Apparently these entertainments failed to pay the proprietor and in 1773 (?) he pulled down the grotto over the spring and rooted up the shrubs to form a skittle ground in connection with the tavern, which still continued to be carried on.
About 1777 the “messuages and lands known as the Grotto Gardens” were purchased for the parish of St. Saviour’s, Southwark, part of the ground being used for the erection of a workhouse and part for a Burial Ground (consecrated in 1780). In 1799 the Workhouse was sold to Mr. John Harris, hat manufacturer, and M.P. for Southwark in 1830, who used it as his manufactory and residence. Some relics of the old Grotto were to be found many years after the closing of the Gardens, notably the Octagon Room, which was converted into a mill and at one time used as the armoury of the Southwark Volunteers.
In 1824 “a very large and old mulberry tree” was standing at the end of a long range of wooden tea-rooms formerly belonging to the gardens and converted into inferior cottages. Behind the cottages was a water-course derived from Loman’s Pond dividing them from a field, once part of the gardens, though only occupied at that time by dust and rubbish.
The tavern attached to the Gardens continued to be carried on under the sign of the Grotto till 28 May, 1795, when it was destroyed by fire.
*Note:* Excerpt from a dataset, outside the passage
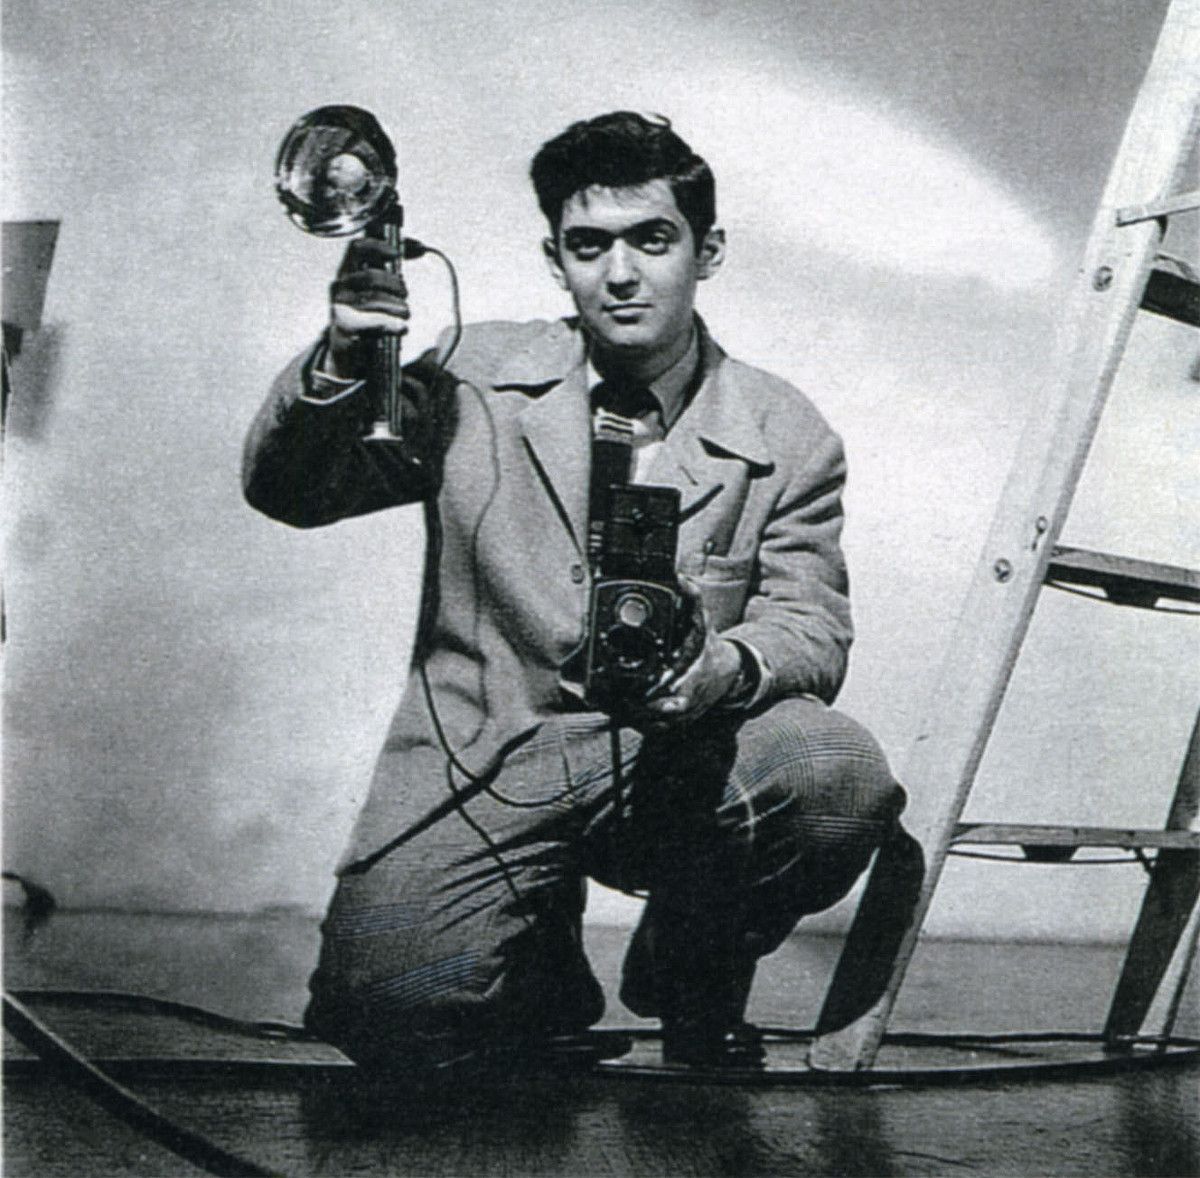 Stanley Kubrick 20 urte zituela, 1948an. BERRIA.

The new tavern erected in its place bore the sign of The Goldsmith’s Arms, and afterwards of the “Old Grotto new reviv’d.”
In the front of this house was inserted a stone bearing the inscription:—
Here Herbs did grow
And Flowers sweet,
But now ’tis call’d
Saint George’s Street.[271]
This building was removed for the formation of the present Southwark Bridge Road in 1825 and a public house named The Goldsmith’s Arms—still standing—was built on the western side of the new road, more upon the site of the old Grotto Gardens. The main site of the gardens is now occupied by the large red-brick building, which forms the headquarters of the Metropolitan Fire Brigade.
[Wilkinson’s Londina Illustrata, vol. ii., “Finch’s Grotto Gardens”; Manning and Bray’s Surrey, iii. 591; Brayley and Mantell’s Surrey, v. 371; Rendle and Norman’s Inns of Old Southwark, 360–364; Walford, vi. 64; newspaper cuttings, W. Coll.]
VIEWS.
The only view is one of the second tavern published in Wilkinson’s Londina Illustrata, 1825:—
“South-east view of the Grotto, now the Goldsmith’s Arms in the Parish of St. George’s, Southwark.” This shows the inscription: “Here Herbs did grow.”